### Supplied data:
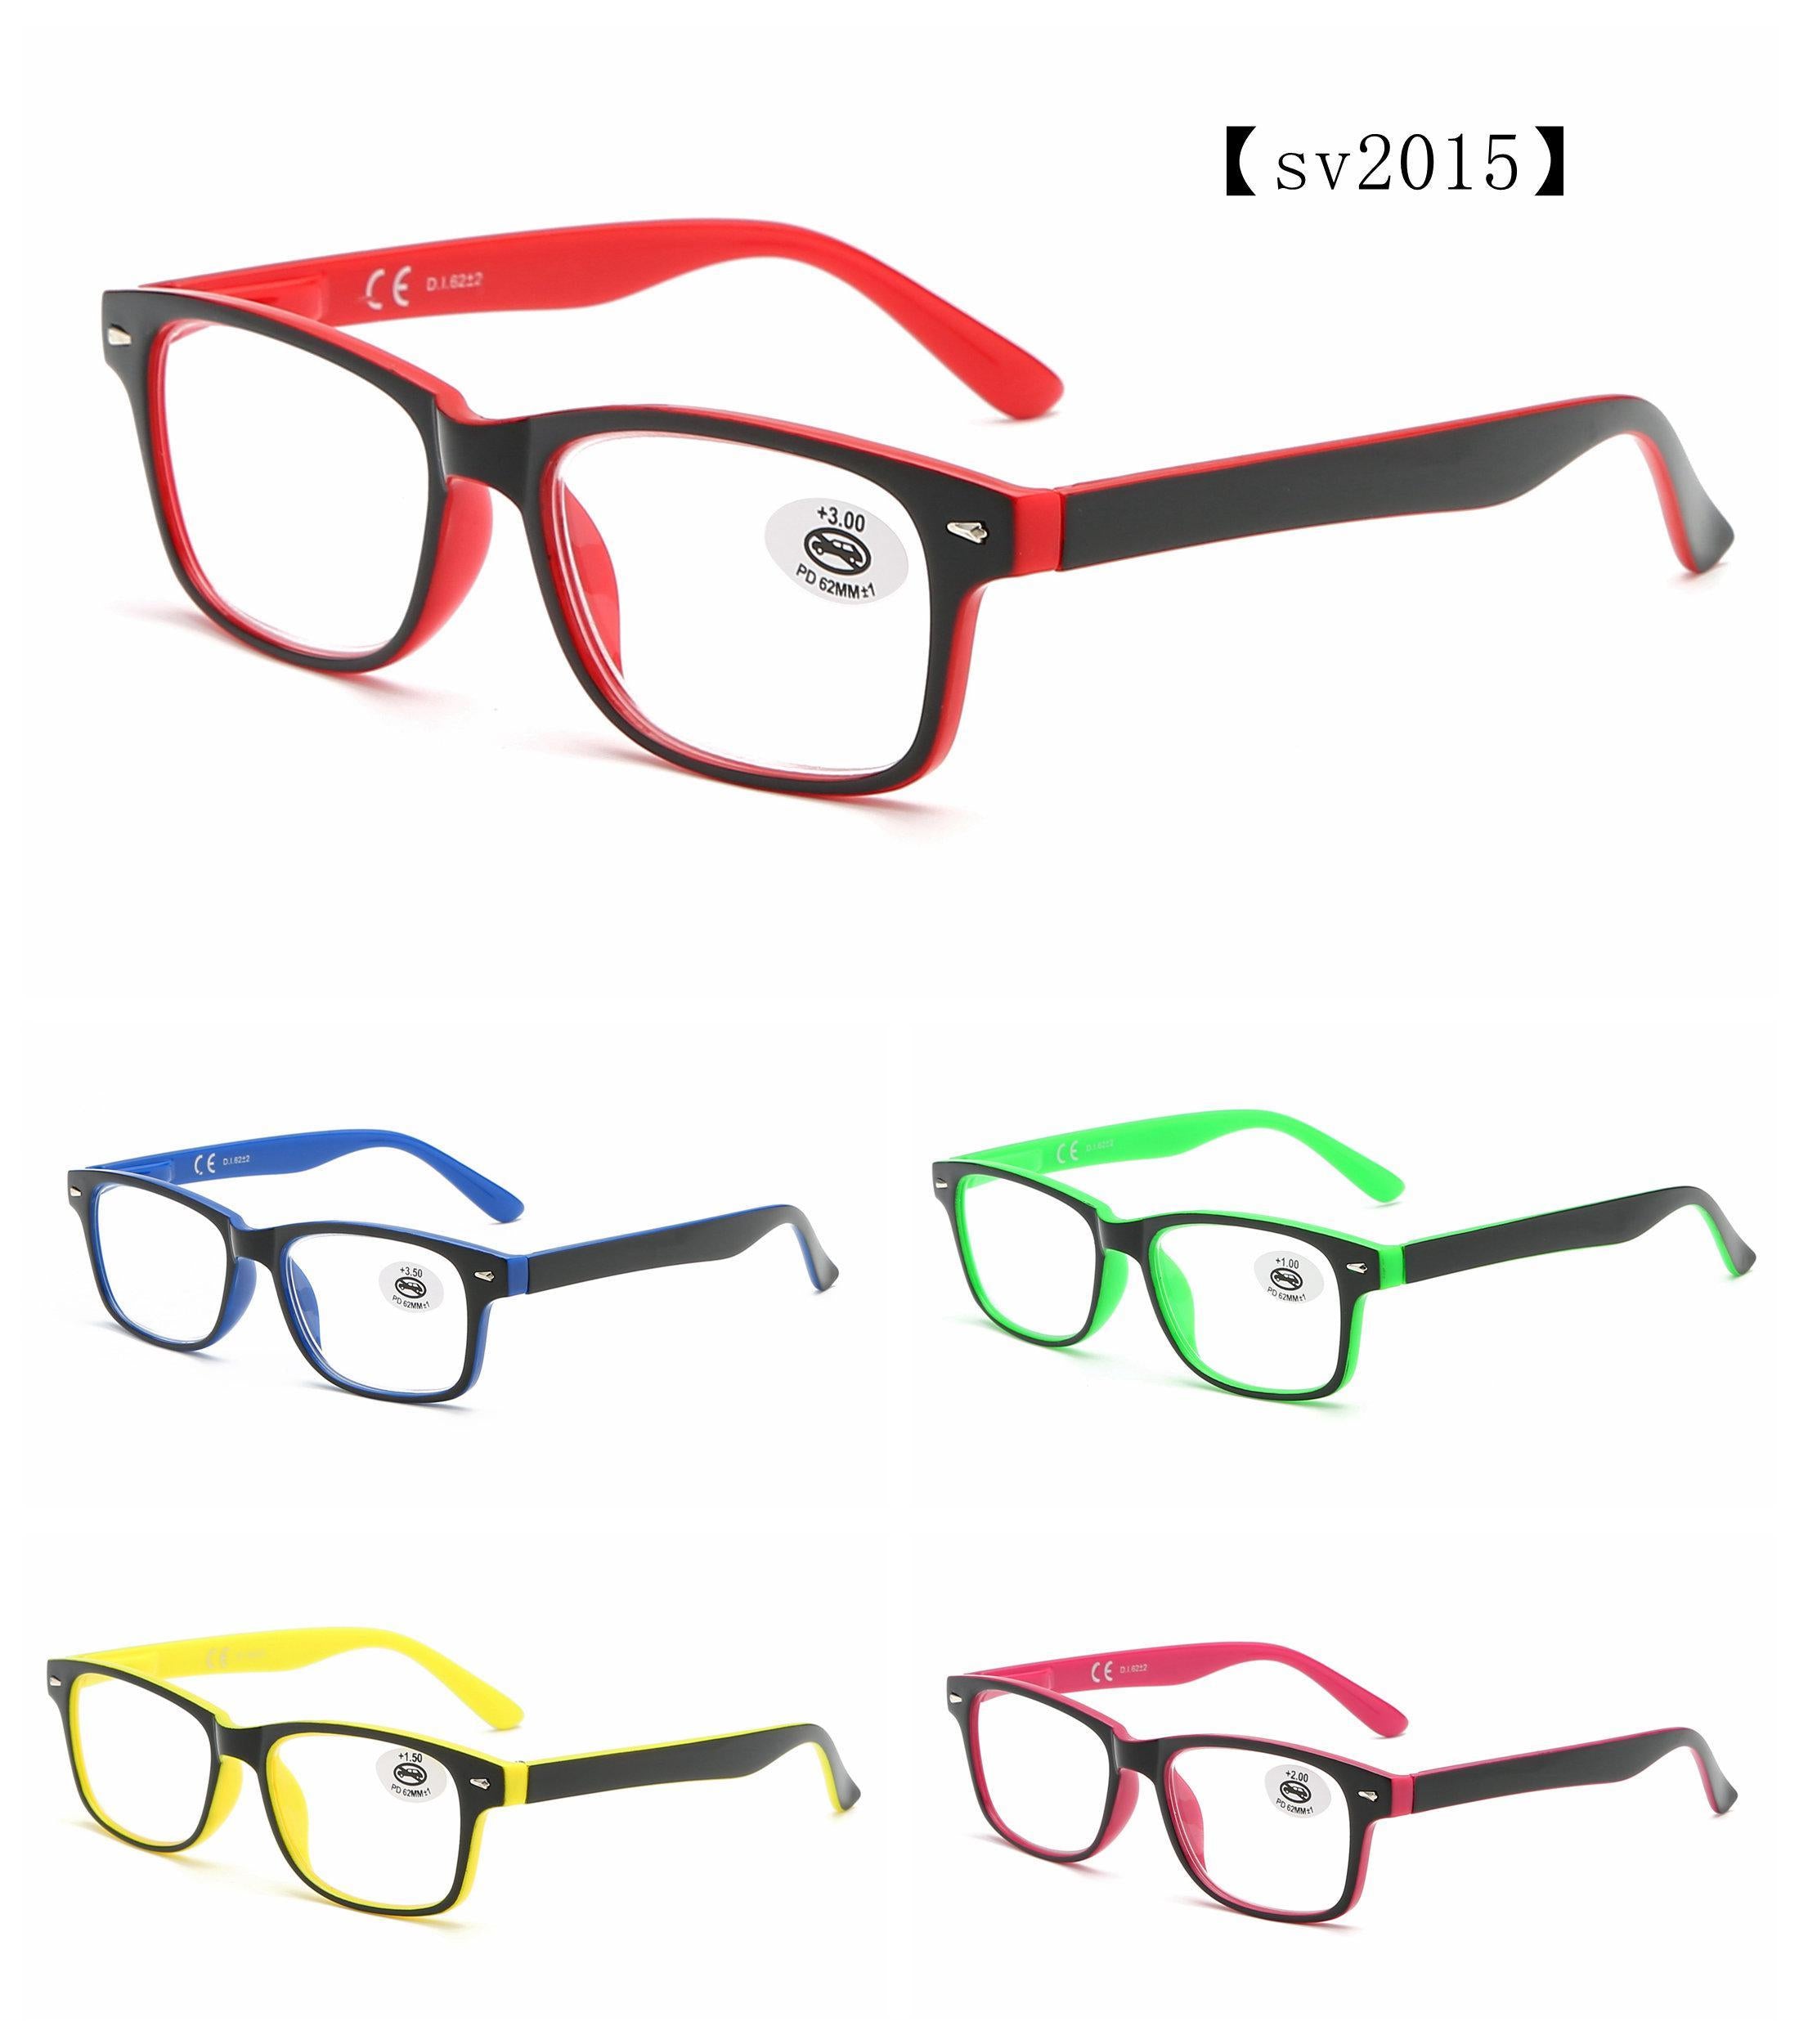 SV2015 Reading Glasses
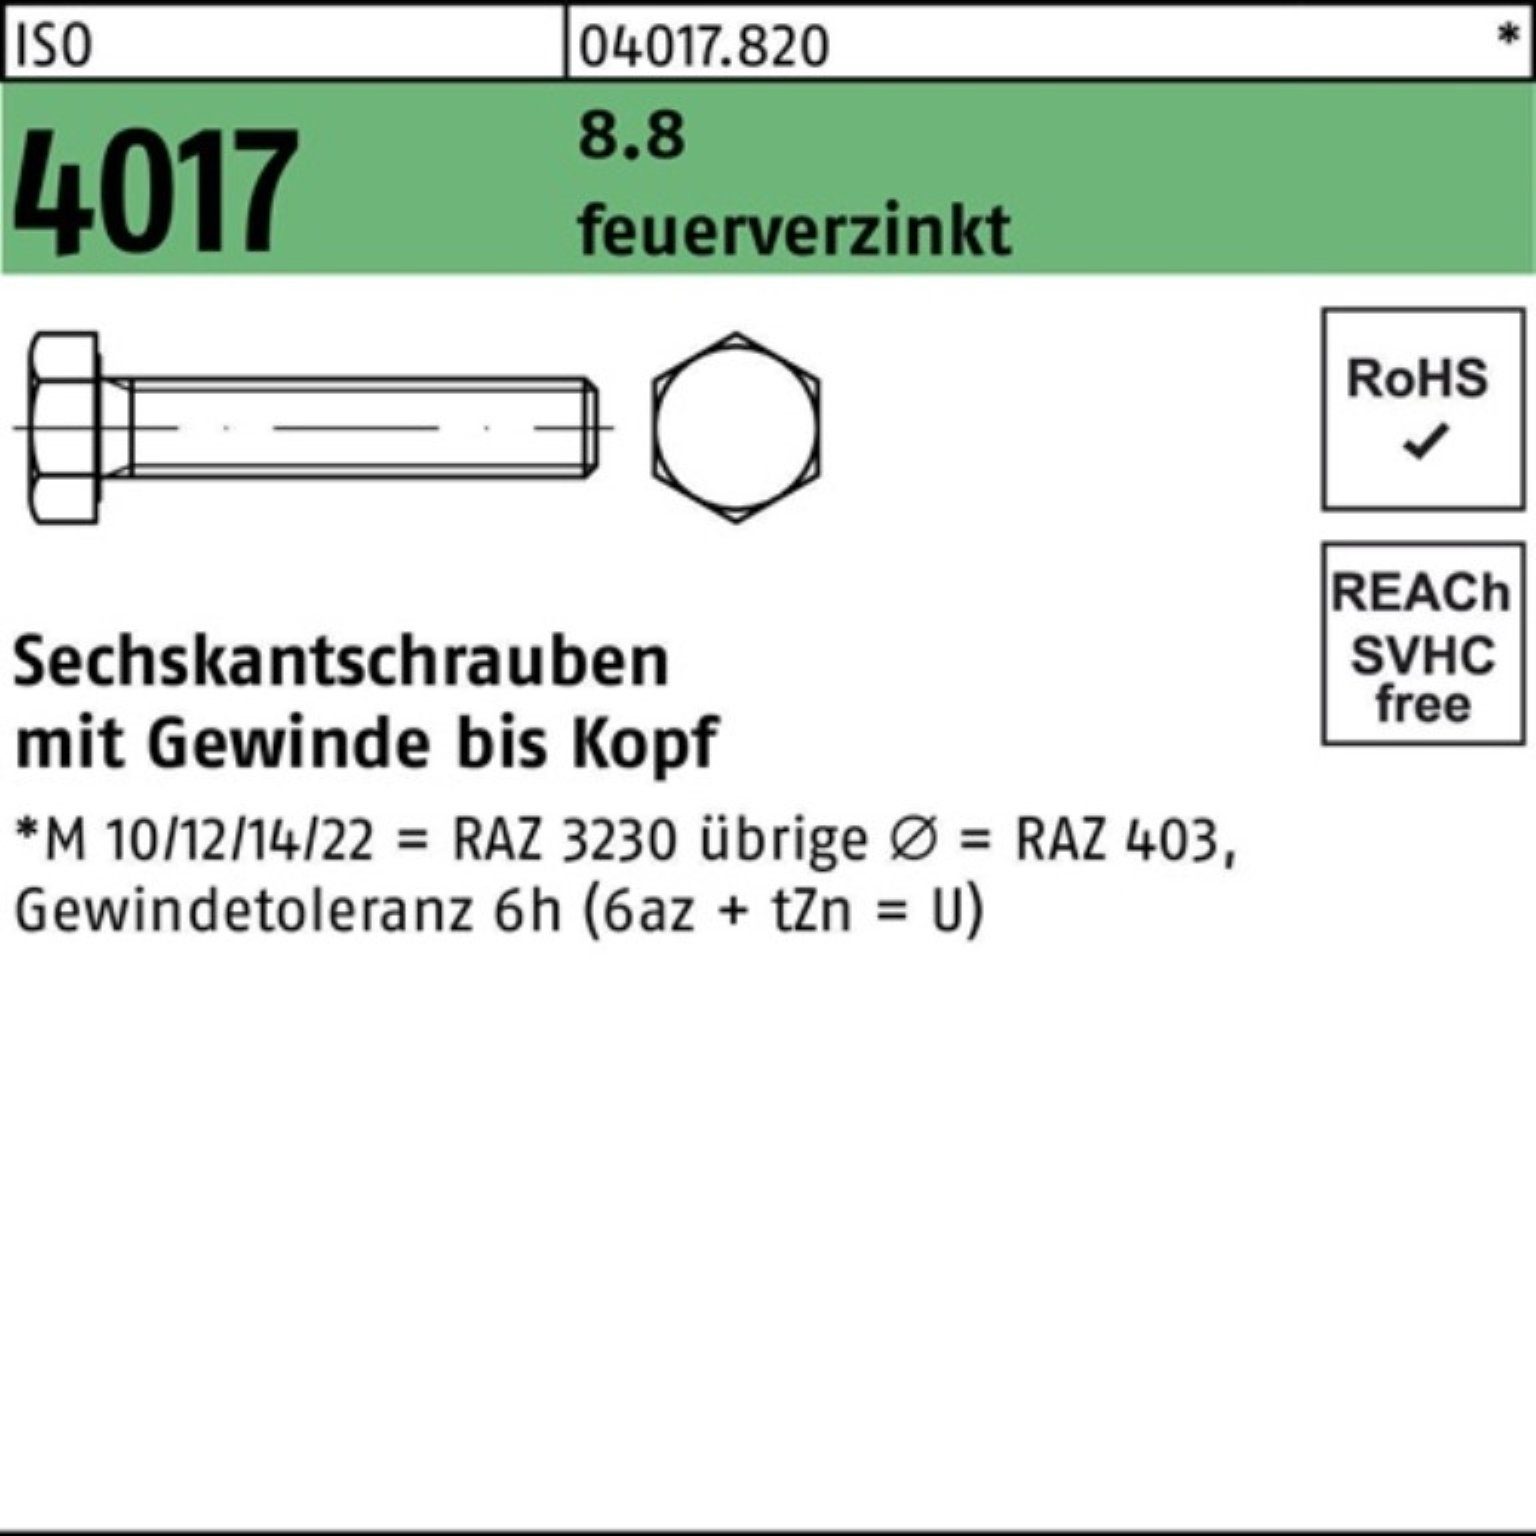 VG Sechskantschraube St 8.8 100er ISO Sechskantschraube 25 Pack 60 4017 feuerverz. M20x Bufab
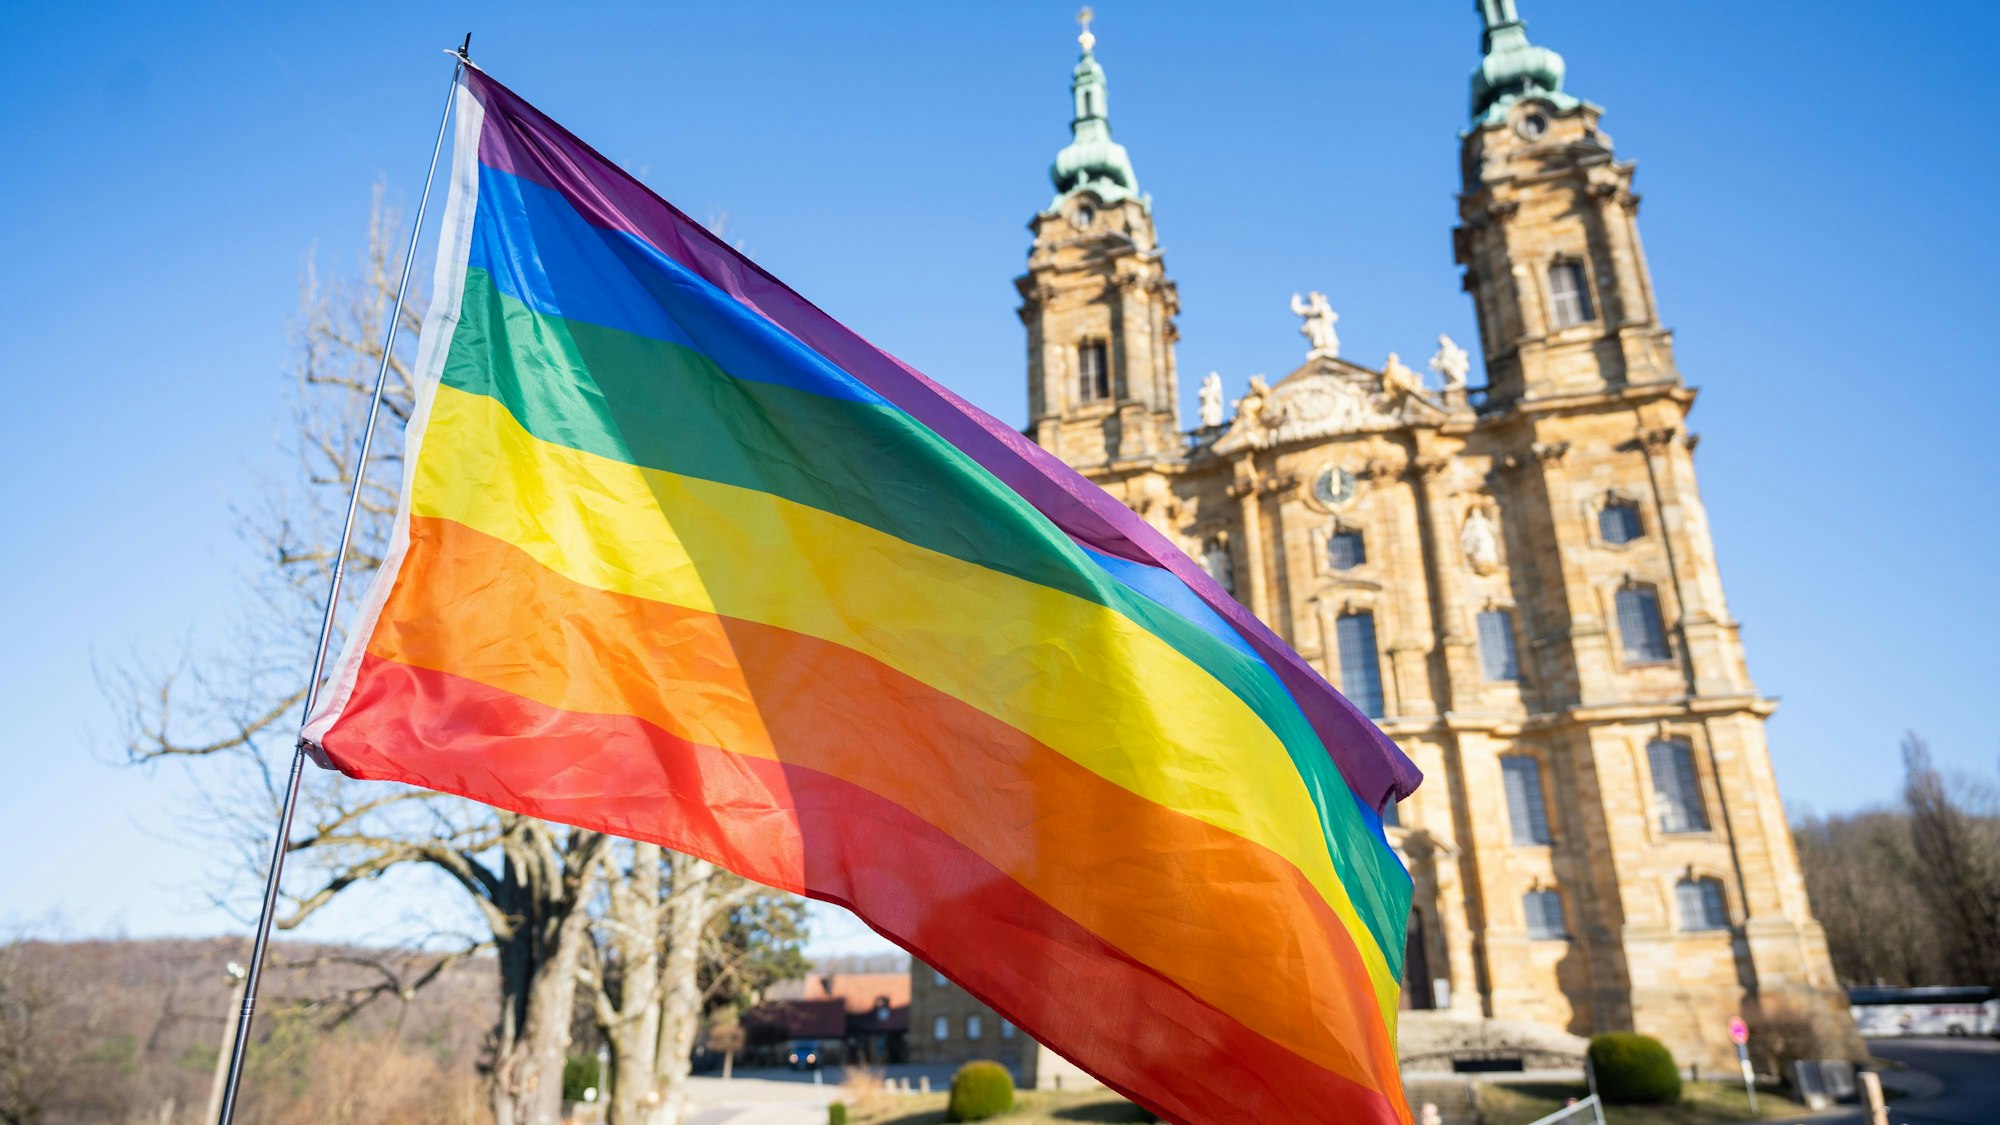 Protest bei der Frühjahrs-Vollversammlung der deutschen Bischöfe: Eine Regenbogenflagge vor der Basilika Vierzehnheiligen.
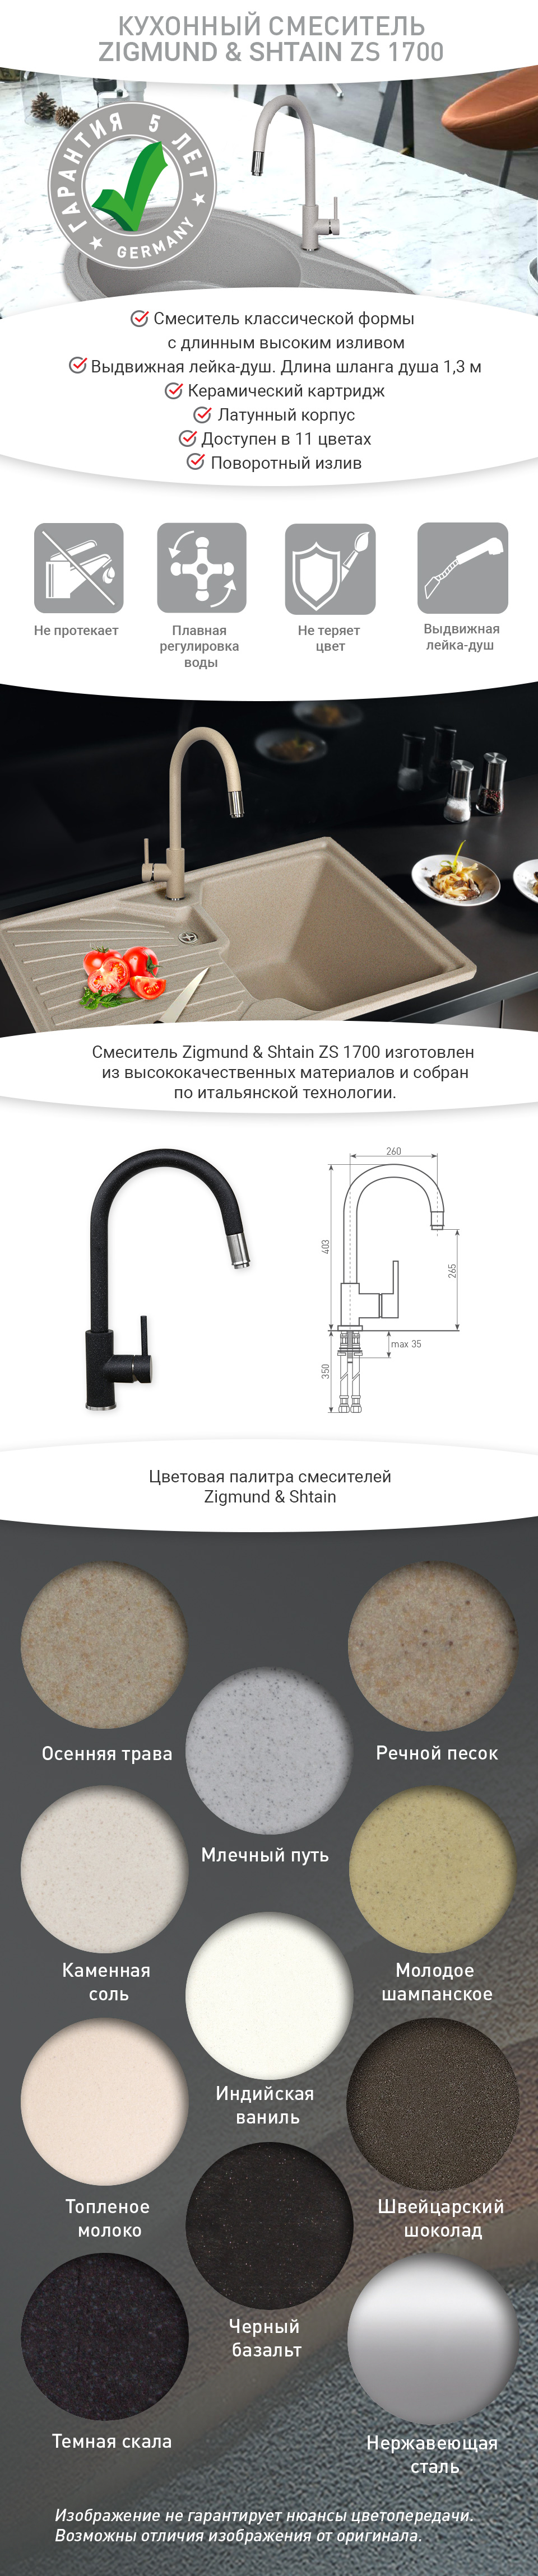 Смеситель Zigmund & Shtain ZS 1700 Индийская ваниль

### What you are asked to do:
Take the preceding listing and transcribe it exactly, skipping the pictures.

### Answer to this task:
 SV2015 Reading Glasses
 VG Sechskantschraube St 8.8 100er ISO Sechskantschraube 25 Pack 60 4017 feuerverz. M20x Bufab
 Protest bei der Frühjahrs-Vollversammlung der deutschen Bischöfe: Eine Regenbogenflagge vor der Basilika Vierzehnheiligen.
 Смеситель Zigmund & Shtain ZS 1700 Индийская ваниль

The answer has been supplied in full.